The secondary plan that unfolds from your life plan, is your legacy plan. If you plan and protect yourself properly in retirement, you will naturally protect your family and charities as part of your legacy. MacMillan will help you to transfer your vision, wisdom, and belief systems to the next generation, ensuring your legacy will resonate and endure.
Making a charitable donation as part of your legacy plan is an admirable way to make a lasting impact, as well as an effective way to lower your tax expense. Normally, up to 75% of a taxpayer’s net income can be claimed as eligible charitable donations. In the year of death, up to 100% of your net income can be claimed. This creates a substantial tax saving opportunity, while also allowing you to support your charity of choice or begin a legacy by creating a charity or bursary program. If the donation is substantial enough to eliminate all taxes owing in the year of death, there is also an option to carry the credits back, up to one year, creating additional tax savings.
A legal plan typically consists of a last will and testament, a living will, a health directive and some trust planning. Most people think that if they have a will, they have an estate plan. A will facilitates the distribution of your assets to the next generation.
However, a last will and testament is not a tax plan, nor does it offer any bloodline protection. If your net worth is more than a million dollars, you may have outgrown a will, and should consider the more sophisticated methods that trust law affords.
Your tax plan is an important technical tool used to protect your life and legacy plans. It should not control your planning, but rather support your goals and objectives. Each year, countless individuals pay an excessive amount to the Canada Revenue Agency (CRA). Although paying taxes is an unavoidable reality, even in a well-designed estate, using the right tools and knowledge can significantly reduce or defer this sum. A proper tax plan should account for both domestic and international issues. Many families are unaware that internationally held assets, such as property or investments resident in the United States, are liable to both US and Canadian estate taxes. Failure to structure these assets within a larger tax scheme will inevitably cause their real values to be reduced.

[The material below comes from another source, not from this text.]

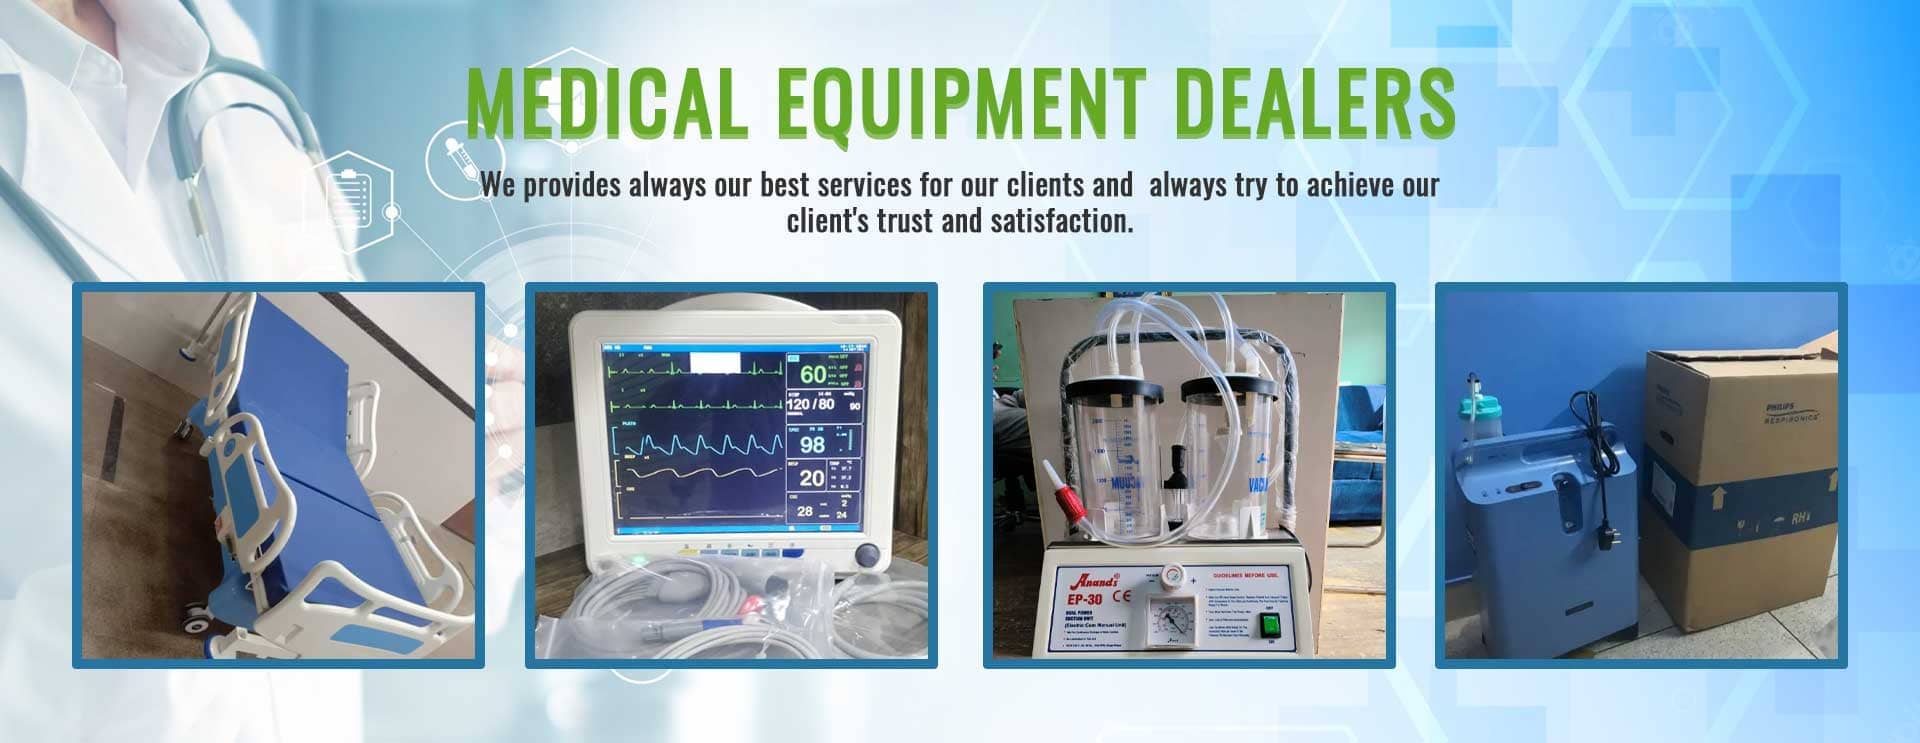 Medical Equipment Dealers in Noida

Foreign assets can also legally create multiple estates. For instance, by owning property in the USA, you possess both an American and Canadian estate. Upon an individual’s passing, these two estates will need to be settled, adding considerably to the amount of time and money required. Our contemporary understanding of domestic and international legislation enables us to devise the most innovative means of minimizing the workload surrounding an estate while maximizing your total net worth.